Assignment =
Write out each line exactly, starting with the one containing "occhio sito palo" and stopping after the last line of the listing below.

=== Section Start ===

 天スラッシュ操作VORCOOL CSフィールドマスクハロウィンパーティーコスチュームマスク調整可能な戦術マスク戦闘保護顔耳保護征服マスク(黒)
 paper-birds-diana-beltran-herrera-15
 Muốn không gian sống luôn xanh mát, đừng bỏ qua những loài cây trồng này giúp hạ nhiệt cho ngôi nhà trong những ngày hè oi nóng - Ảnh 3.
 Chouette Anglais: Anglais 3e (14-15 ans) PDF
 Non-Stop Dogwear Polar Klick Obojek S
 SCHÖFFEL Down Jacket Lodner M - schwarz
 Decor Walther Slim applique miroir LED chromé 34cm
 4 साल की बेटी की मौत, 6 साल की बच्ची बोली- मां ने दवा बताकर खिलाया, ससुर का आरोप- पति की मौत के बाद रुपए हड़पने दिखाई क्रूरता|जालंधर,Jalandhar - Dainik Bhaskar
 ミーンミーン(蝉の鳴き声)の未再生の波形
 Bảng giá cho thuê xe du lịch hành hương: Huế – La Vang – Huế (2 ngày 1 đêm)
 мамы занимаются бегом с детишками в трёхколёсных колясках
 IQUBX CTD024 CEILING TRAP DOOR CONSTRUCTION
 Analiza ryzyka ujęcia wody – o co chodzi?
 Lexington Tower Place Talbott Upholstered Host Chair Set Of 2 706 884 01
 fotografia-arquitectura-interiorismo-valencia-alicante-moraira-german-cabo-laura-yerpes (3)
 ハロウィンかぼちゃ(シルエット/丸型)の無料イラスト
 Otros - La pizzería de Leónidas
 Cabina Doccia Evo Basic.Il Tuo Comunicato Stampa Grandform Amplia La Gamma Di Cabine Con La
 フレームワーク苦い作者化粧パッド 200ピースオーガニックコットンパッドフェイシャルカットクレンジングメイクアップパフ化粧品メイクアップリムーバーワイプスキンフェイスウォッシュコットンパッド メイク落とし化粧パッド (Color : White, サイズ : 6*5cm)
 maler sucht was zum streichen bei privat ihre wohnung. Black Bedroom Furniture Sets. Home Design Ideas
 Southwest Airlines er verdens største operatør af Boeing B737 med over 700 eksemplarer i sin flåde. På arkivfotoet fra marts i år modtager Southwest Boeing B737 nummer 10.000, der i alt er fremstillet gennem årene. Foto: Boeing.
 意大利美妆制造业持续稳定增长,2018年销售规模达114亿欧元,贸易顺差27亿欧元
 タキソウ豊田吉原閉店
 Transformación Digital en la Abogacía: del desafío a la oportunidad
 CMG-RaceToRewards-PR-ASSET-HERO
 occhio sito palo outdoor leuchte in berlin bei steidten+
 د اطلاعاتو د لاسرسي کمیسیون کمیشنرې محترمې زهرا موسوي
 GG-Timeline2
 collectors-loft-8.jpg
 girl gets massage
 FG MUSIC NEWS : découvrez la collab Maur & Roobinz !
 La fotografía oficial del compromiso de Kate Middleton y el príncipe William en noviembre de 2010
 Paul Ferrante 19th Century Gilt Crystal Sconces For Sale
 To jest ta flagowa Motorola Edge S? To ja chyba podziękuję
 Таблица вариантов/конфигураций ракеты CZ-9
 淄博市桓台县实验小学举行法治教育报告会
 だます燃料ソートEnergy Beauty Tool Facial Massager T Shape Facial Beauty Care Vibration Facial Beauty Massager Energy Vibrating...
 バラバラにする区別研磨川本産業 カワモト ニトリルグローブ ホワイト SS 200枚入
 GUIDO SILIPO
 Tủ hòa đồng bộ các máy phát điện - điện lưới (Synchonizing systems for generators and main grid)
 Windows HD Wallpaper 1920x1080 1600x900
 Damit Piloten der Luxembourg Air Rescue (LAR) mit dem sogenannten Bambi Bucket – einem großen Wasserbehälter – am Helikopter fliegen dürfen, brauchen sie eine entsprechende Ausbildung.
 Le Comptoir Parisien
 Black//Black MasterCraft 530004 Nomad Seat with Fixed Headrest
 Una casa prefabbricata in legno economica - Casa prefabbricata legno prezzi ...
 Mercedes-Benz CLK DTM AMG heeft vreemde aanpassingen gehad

=== Section End ===

Exercise result =
 occhio sito palo outdoor leuchte in berlin bei steidten+
 د اطلاعاتو د لاسرسي کمیسیون کمیشنرې محترمې زهرا موسوي
 GG-Timeline2
 collectors-loft-8.jpg
 girl gets massage
 FG MUSIC NEWS : découvrez la collab Maur & Roobinz !
 La fotografía oficial del compromiso de Kate Middleton y el príncipe William en noviembre de 2010
 Paul Ferrante 19th Century Gilt Crystal Sconces For Sale
 To jest ta flagowa Motorola Edge S? To ja chyba podziękuję
 Таблица вариантов/конфигураций ракеты CZ-9
 淄博市桓台县实验小学举行法治教育报告会
 だます燃料ソートEnergy Beauty Tool Facial Massager T Shape Facial Beauty Care Vibration Facial Beauty Massager Energy Vibrating...
 バラバラにする区別研磨川本産業 カワモト ニトリルグローブ ホワイト SS 200枚入
 GUIDO SILIPO
 Tủ hòa đồng bộ các máy phát điện - điện lưới (Synchonizing systems for generators and main grid)
 Windows HD Wallpaper 1920x1080 1600x900
 Damit Piloten der Luxembourg Air Rescue (LAR) mit dem sogenannten Bambi Bucket – einem großen Wasserbehälter – am Helikopter fliegen dürfen, brauchen sie eine entsprechende Ausbildung.
 Le Comptoir Parisien
 Black//Black MasterCraft 530004 Nomad Seat with Fixed Headrest
 Una casa prefabbricata in legno economica - Casa prefabbricata legno prezzi ...
 Mercedes-Benz CLK DTM AMG heeft vreemde aanpassingen gehad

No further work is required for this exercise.